Where’s Viv?


Botswana, Top Gear style

Posted in Uncategorized by wheresviv on August 18, 2009

Last weekend we decided to reenact the Top Gear Botswana Special, so we borrowed a Toyota Corolla from the woman who owns Satellite Guest House, and off we drove in the direction of Nata.  Our destination was the Makgadigadi salt pans, which during the dry season are basically just large, flat expanses of nothingness, but apparently when they flood in the wet season, they are home to amazing quantities and varieties of birds.  Sadly its currently the dry season, and when we arrived at the Nata Bird Sanctuary we were told that we wouldn’t actually see any birds.  Nevermind.  We paid our park fee and spent a lovely afternoon drinking beers on the bird-watching towers, looking at animal tracks in the sand and enjoying driving our little borrowed car over the rough terrain.  The pans look very dry, but only a few inches beneath the crust there is a water store, as we discovered when Will decided to off-road, and we got stuck in thick, gloopy mud.  Luckily our car was pretty light, and pushing it out was no issue.  We continued up to Nata and spent the night in the Maya Guest House, watching Miss Congeniatlity 2 on TV.

The next morning, we looked at our map over a breakfast of eggs and toast.  It appeared that there was a main road running right through the middle of the pans; one of the few routes which we could possibly take with a non-4×4.  We drove on to the village of Gweta, only to discover that this ‘main road’ was infact a tiny, sandy track.  After asking for direction at the local police station, we were adivised to buy a shovel, incase the car got stuck.  We drove to the hardware store, where the owner took pity on us, and although he had no shovels in stock, sold us his own personal shovel for only P30.  We set off, only to find that the track was much worse than anticipated.  The poor car was skidding and sliding all over the place in the sand, and finally we decided that enough was enough, and headed back to Gweta.  We decided it would be polite to offer to return the shovel, and on returning to the hardware store, we found the owner waiting outside.  “What?  You thought you were going to drive on that road in THAT car?” he said.  “Are you crazy?”  he then proceeded to show us photos on his phone of lions which we had seen in the bush only a few Km from the village.  We felt relieved that we had decided to turn back when we did!  Next time, we will have to bring a 4×4.

Hi Five

Posted in Uncategorized by wheresviv on August 14, 2009

The baby on the table in front of me smells faintly of vomit.  As he draws raspy breaths through fluid filled lungs, I can see that his entire mouth is thick with thrush.  I hold him still while the doctor first inserts a naso-gastric feeding tube, then attempts to put a cannula into one of his tiny veins.  He barely moves or cries as the doctor inspects arms, feet, hands, wiping them with spirit, tapping them to try to find a vein.  I don’t remember how many attempts were made before the cannula was inserted.  I think I may have gone home by the time the doctor finally succeeded.  The next morning I hear that this baby has died.  The doctors are a little confused as to the exact cause of his death.  He has pneumonia, bu had been responding to antibiotics, and thrush, though unpleasant, is not a killer.  Basically, another baby dead from unknown causes related to HIV infection.

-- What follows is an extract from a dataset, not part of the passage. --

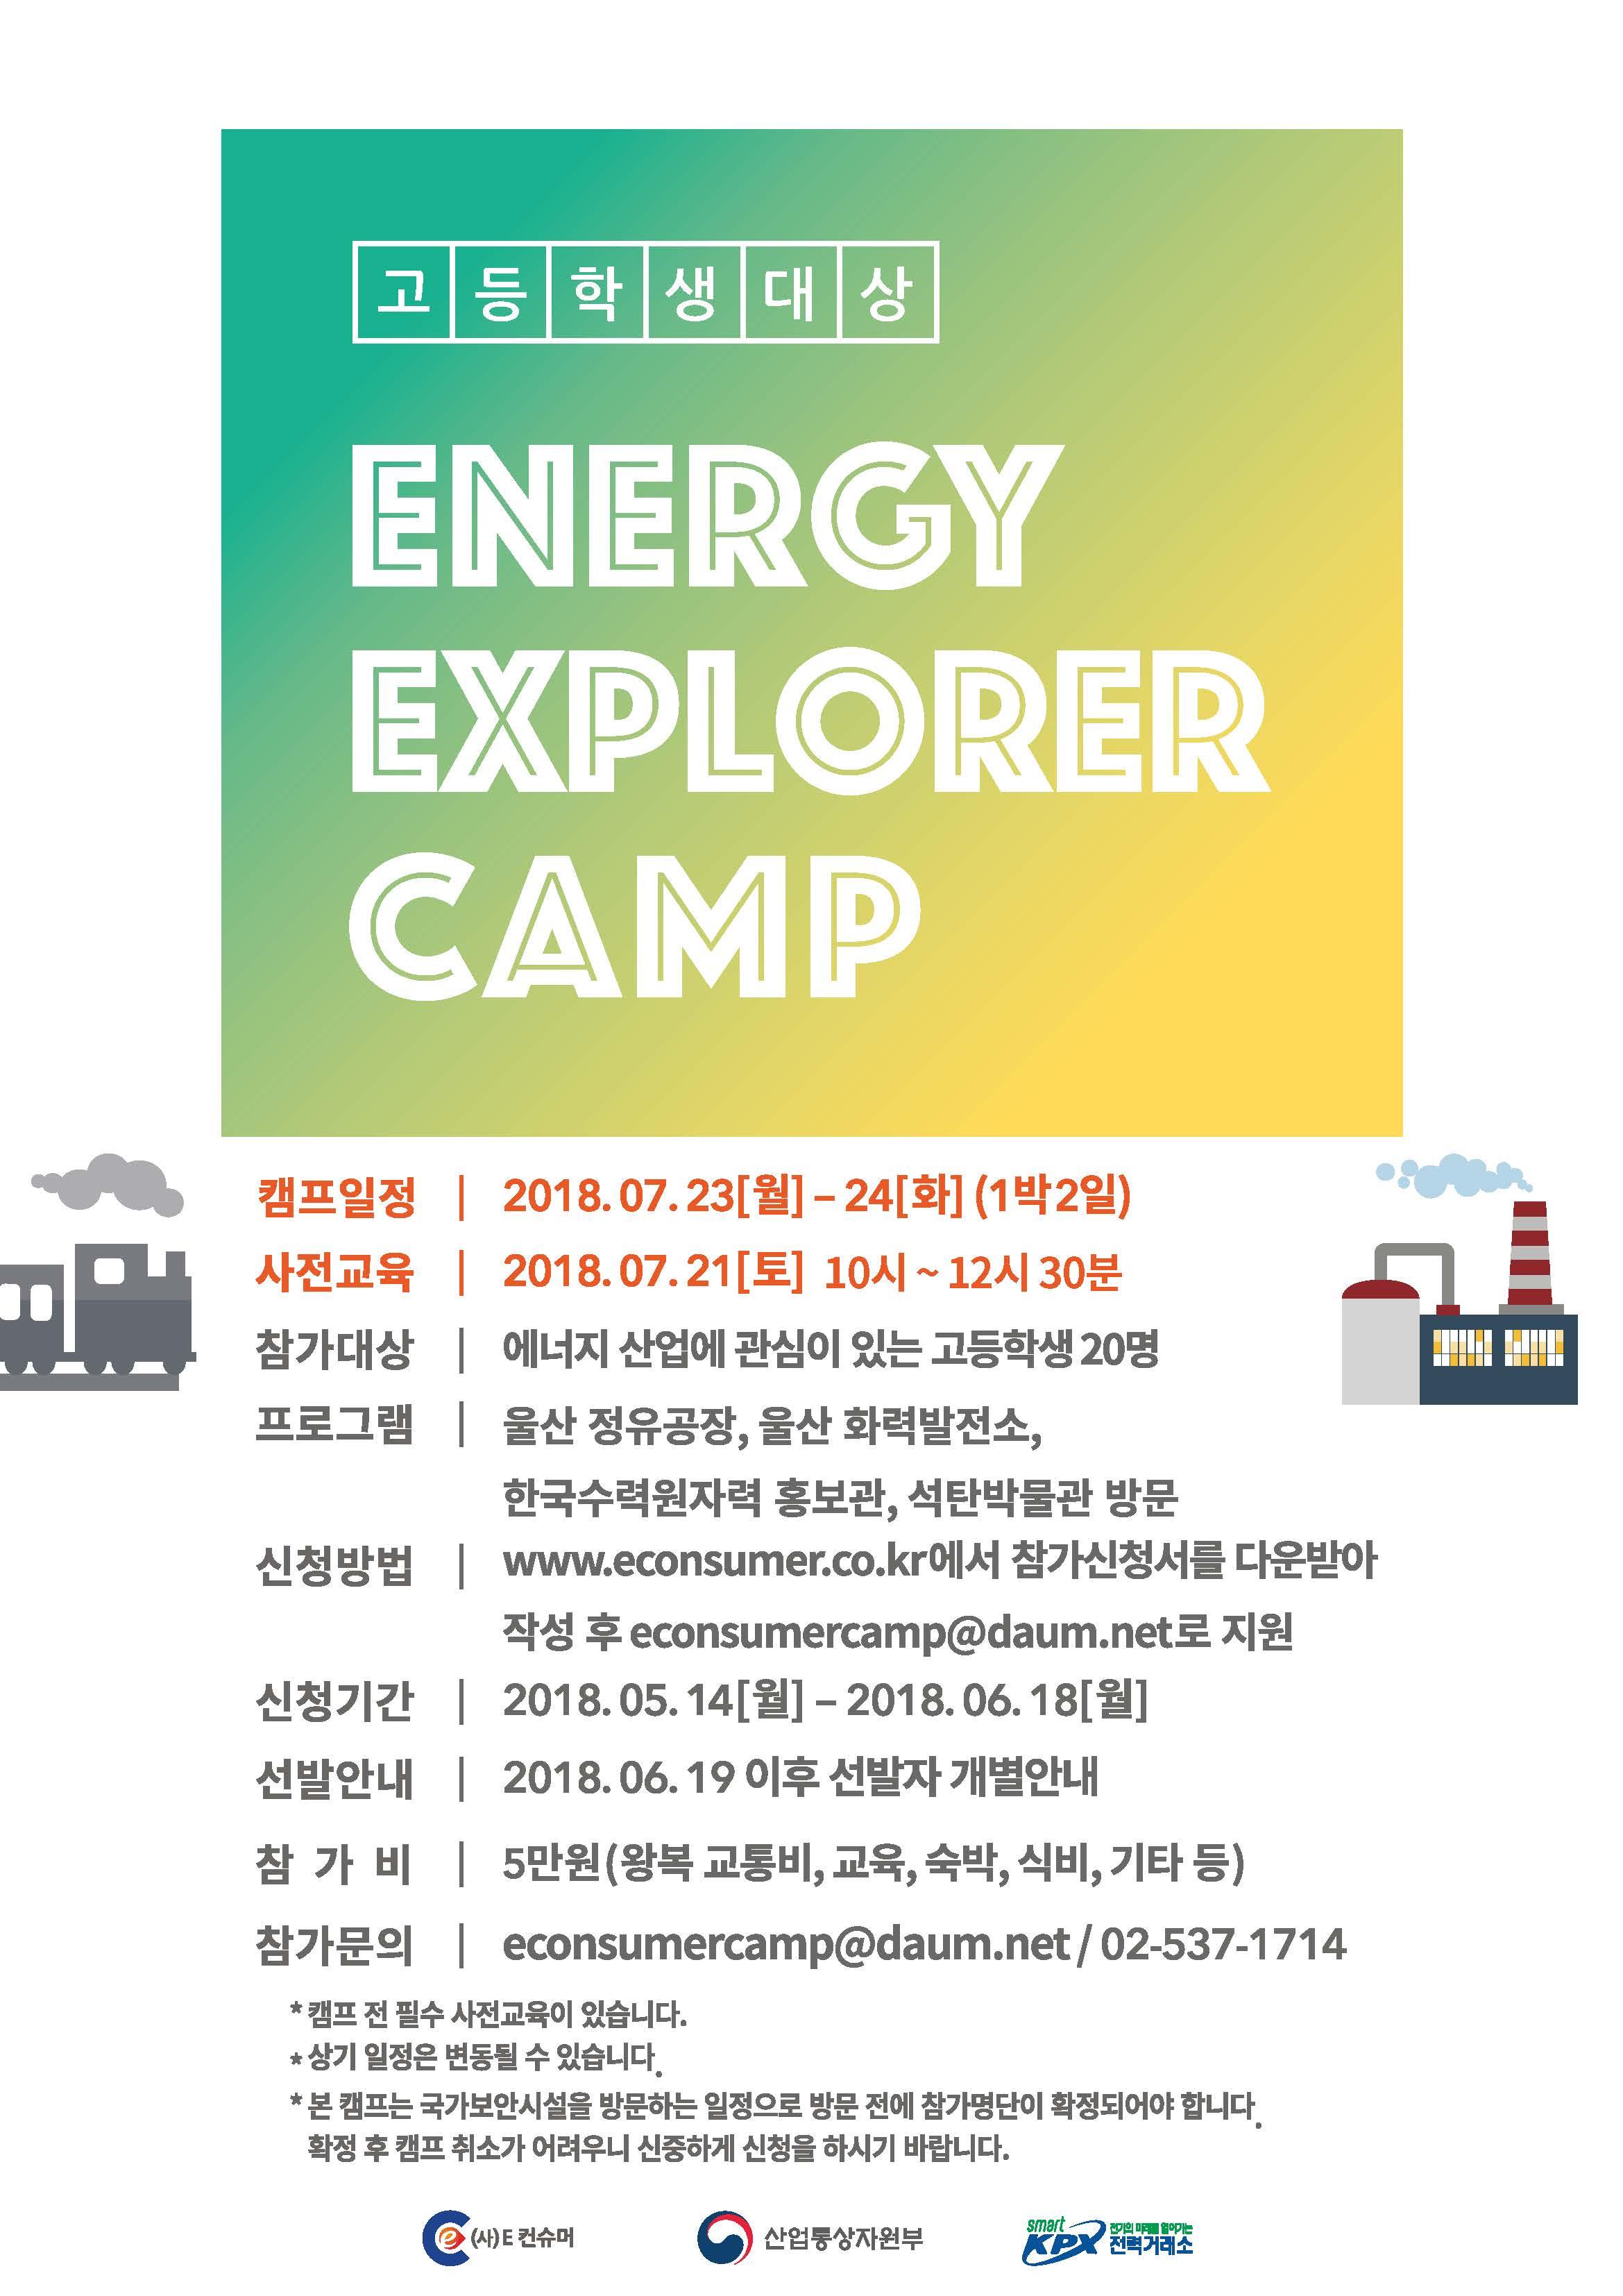 [(사)E컨슈머] 고등학생 대상 에너지컨슈머캠프 에너지익스플로러 3기 모집

HIV has been a constant feature of our stay in Botswana.  On our very first day, Dr Sinvula came to show us around the hospital.  “In the beginning, there was a lot of stigma, and people didn’t really want to talk about it,” he told us, as we walked through the dedicated HIV unit next to the main hospital building.  “But now it’s not a big deal.”  Next he showed us the paediatric ward “a lot of HIV related problems,” and the male medical ward “this is mostly HIV related.”  The virus is a huge problem in Botswana; one in three adults in Botswana is living with HIV, possibly the highest rate in the world.  Fortunately, the country has the means to provide HAART to everyone with a CD4 count of less than 200, arguably the best antiretroviral program in Africa.

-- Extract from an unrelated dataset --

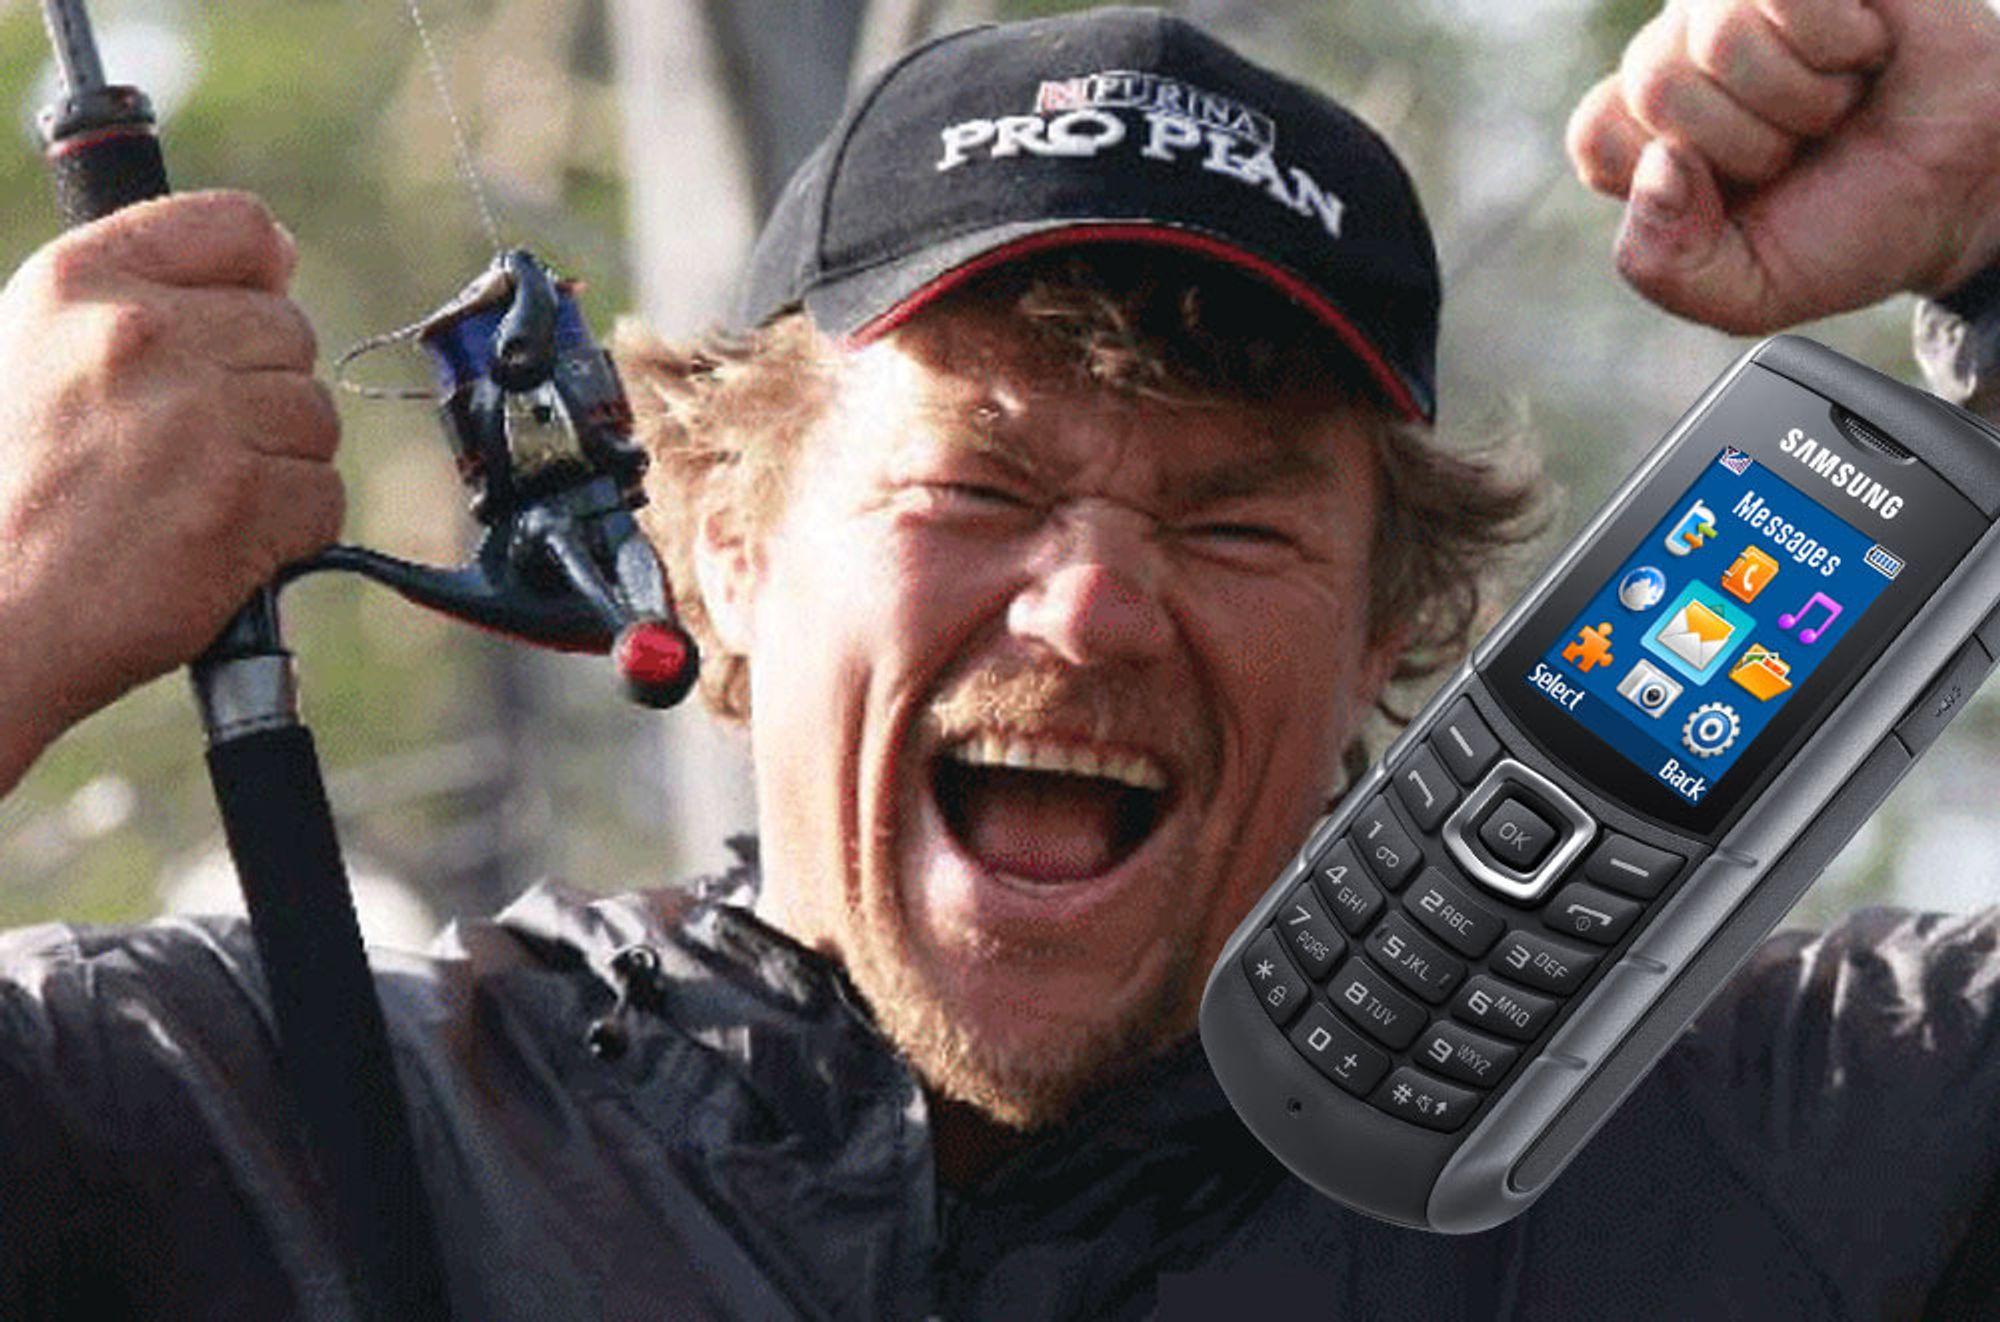 Endelig en mobil for Lars Monsen

Despite the lack of stigma, it has taken me a while to realise that people are rarely referred to as HIV positive or negative.  “RVI positive” (retroviral infection), “PMTCT positive” (prevention of mother to child transmission – used to indicate that a mother is positive), “PCR positive” (polymerase chain reaction – a test), “on HAART” (highly active antiretroviral therapy) and even “hi five” (HI V – geddit?) are all ways that doctors and nurses communicate the HIV statuses of their patients to each other.  I have also got used to wearing gloves all the time; the majority of doctors won’t touch a patient without wearing gloves.  Where in the UK we would wear gloves, in Botswana they would wear two pairs, and one pair would be sterile, as sterile gloves are thicker. Needle stick and splash injuries, and the associated HIV tests and post-exposure prophylactic drugs are just part of the job for health care workers.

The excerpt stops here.